### [PROBLEM STATEMENT]
Return the records that follow unaltered. Omit every picture.

----- EXTRACTED RECORDS -----

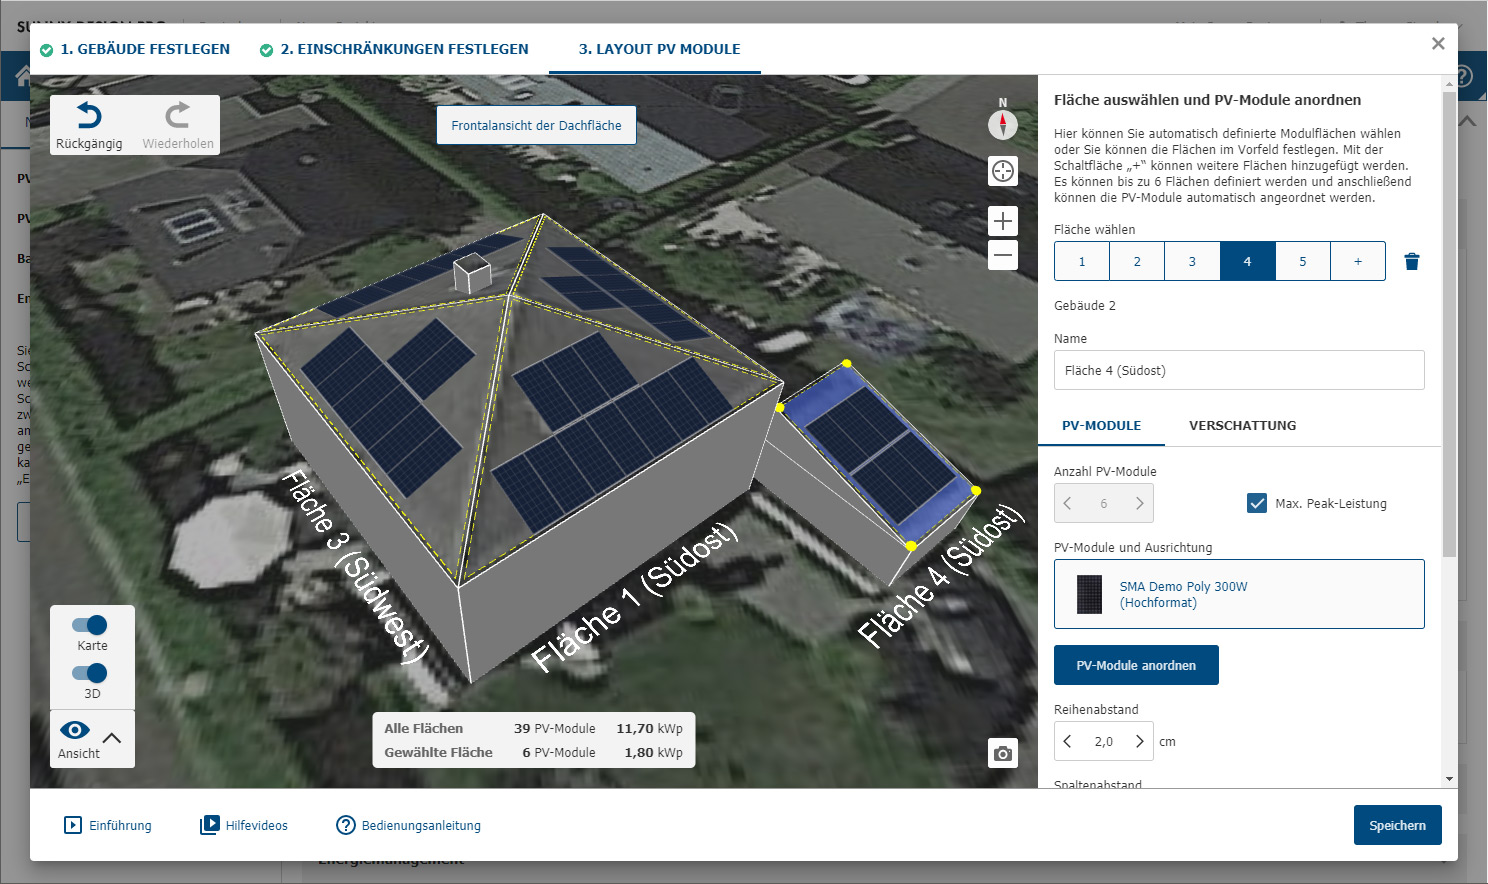 Screenshot Zeltdach mit Carport
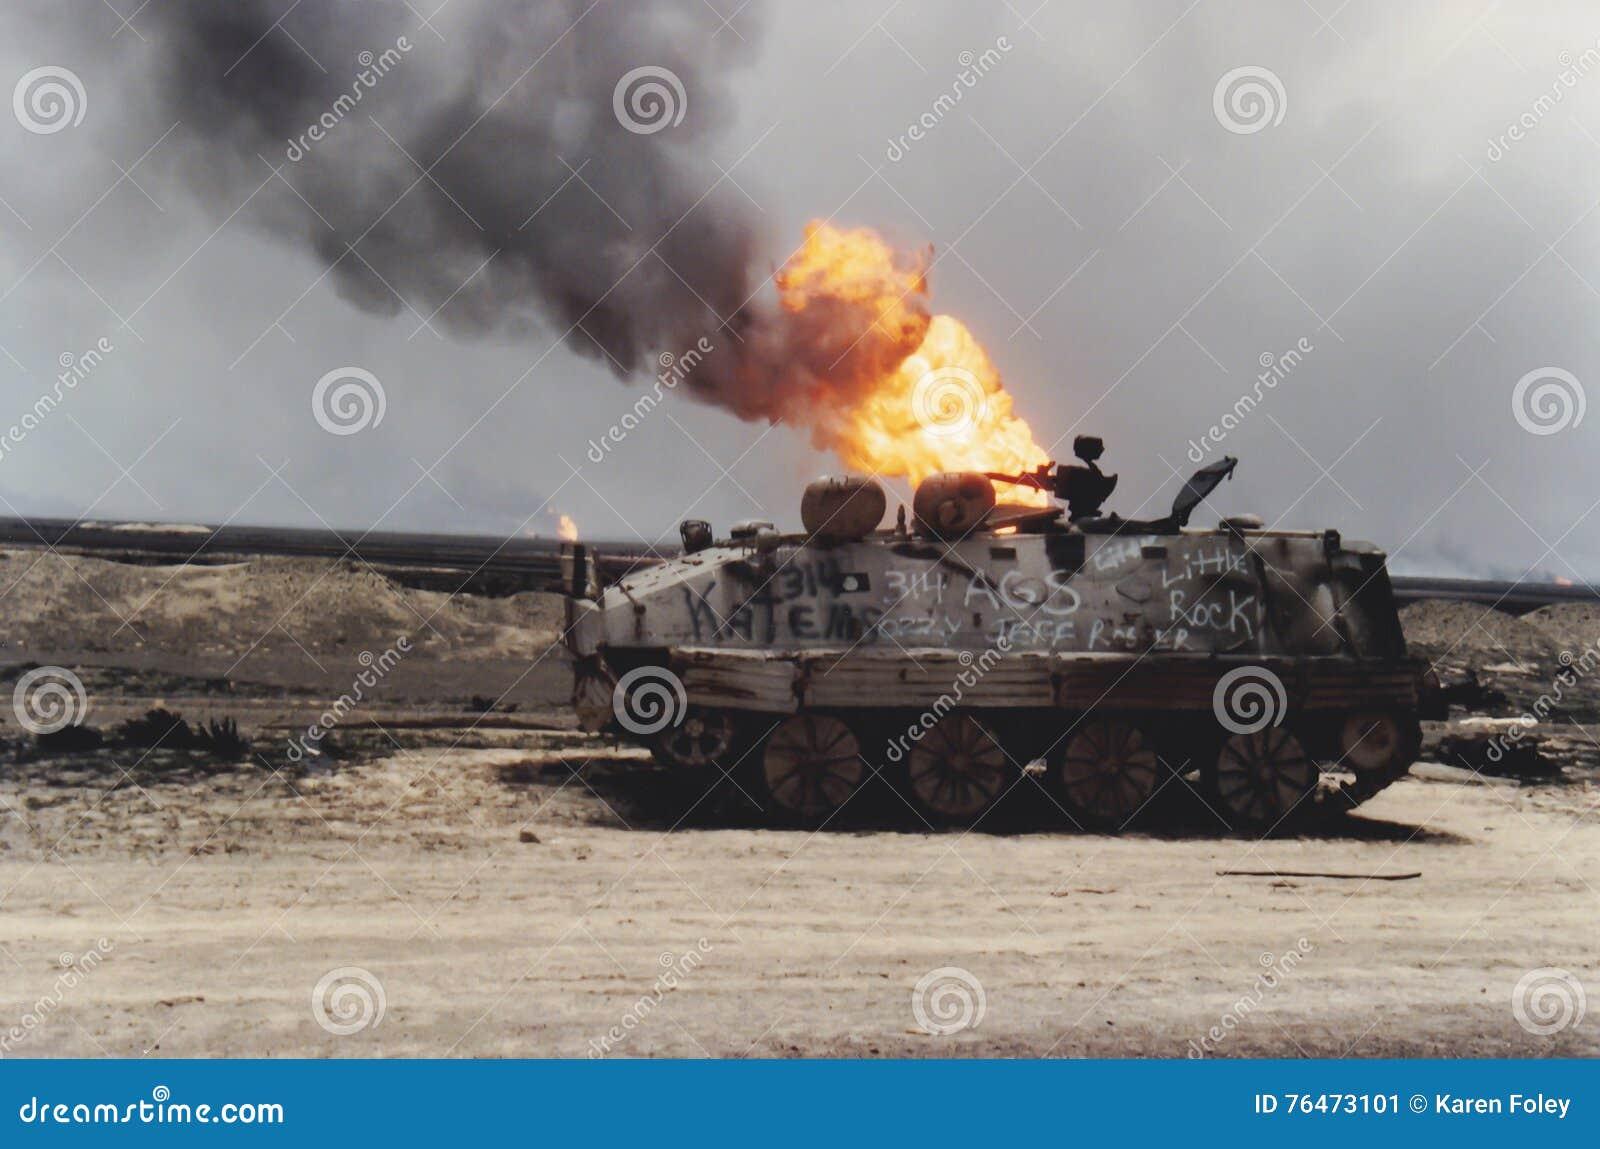 Fogo do tanque e do poço de petróleo, Kuwait, guerra do Golfo Pérsico
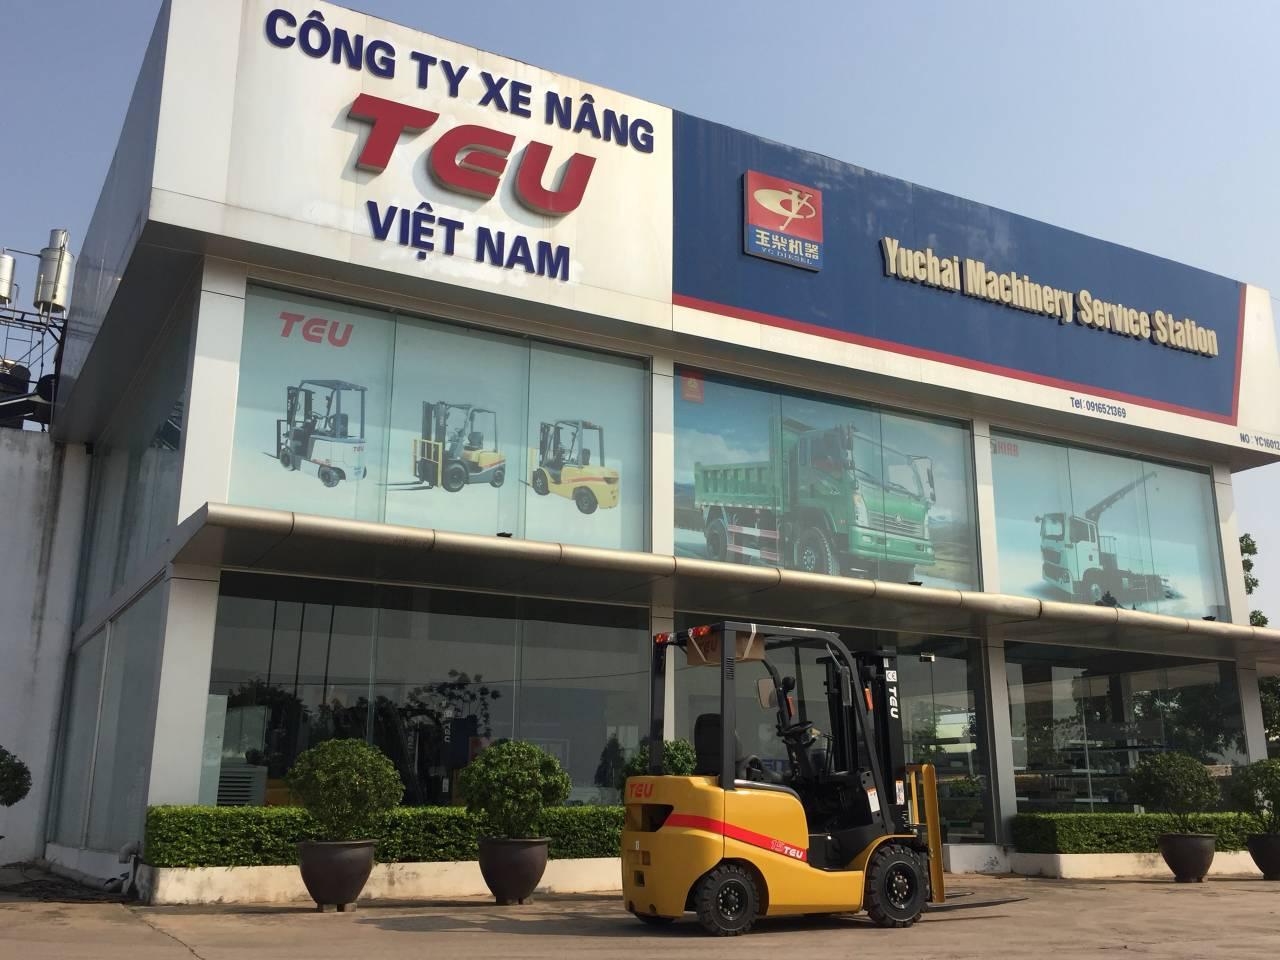 xe-nang-dau-1-5-tan-tai-showroom
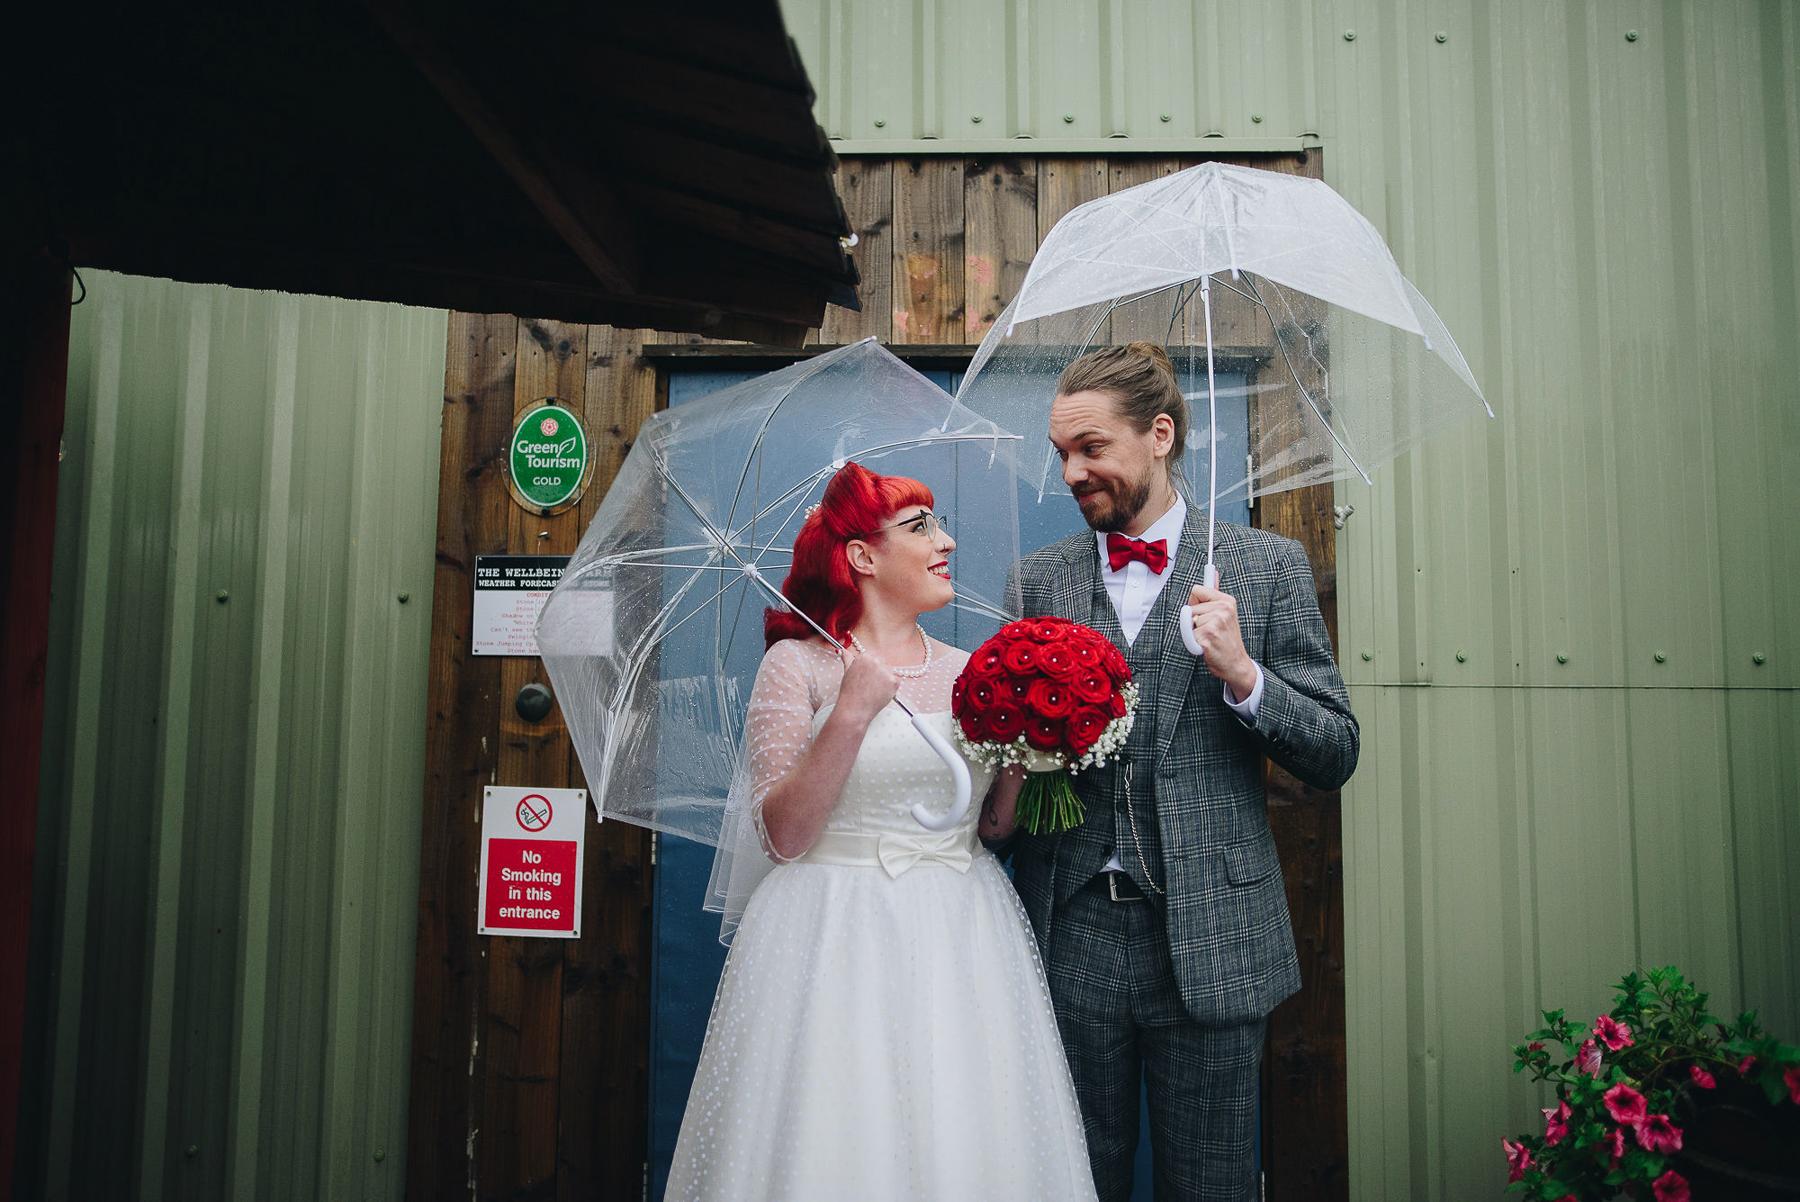 Wellbeing_Farm_Wedding_Photography_The_Pin-Up_Bride_Lara_Shaun-75.jpg
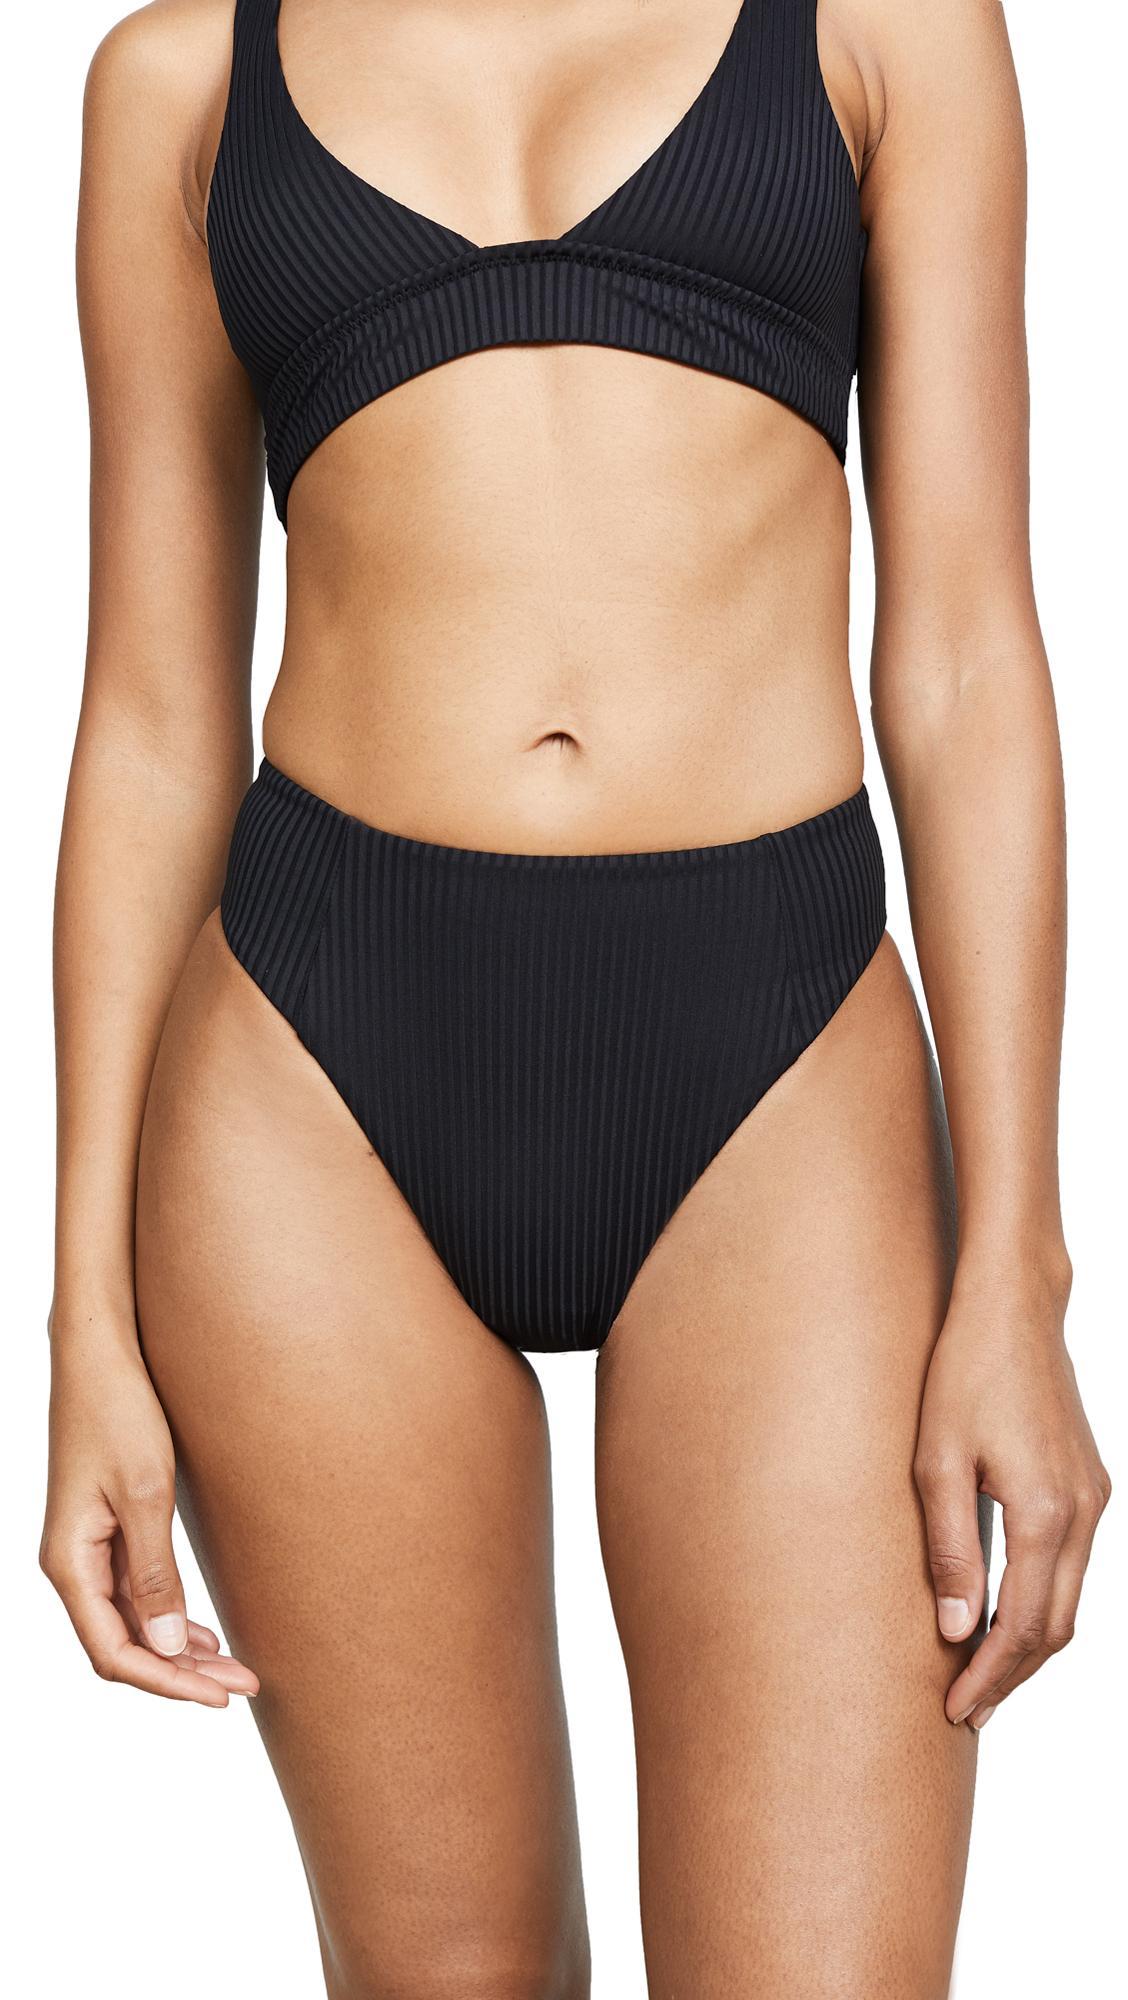 dcc4d2154c1 Shop Vitamin A Bikinis for Women | ModeSens

-----

### [YOUR SOLUTION]
 Screenshot Zeltdach mit Carport
 Fogo do tanque e do poço de petróleo, Kuwait, guerra do Golfo Pérsico
 xe-nang-dau-1-5-tan-tai-showroom
 Wellbeing_Farm_Wedding_Photography_The_Pin-Up_Bride_Lara_Shaun-75.jpg
 dcc4d2154c1 Shop Vitamin A Bikinis for Women | ModeSens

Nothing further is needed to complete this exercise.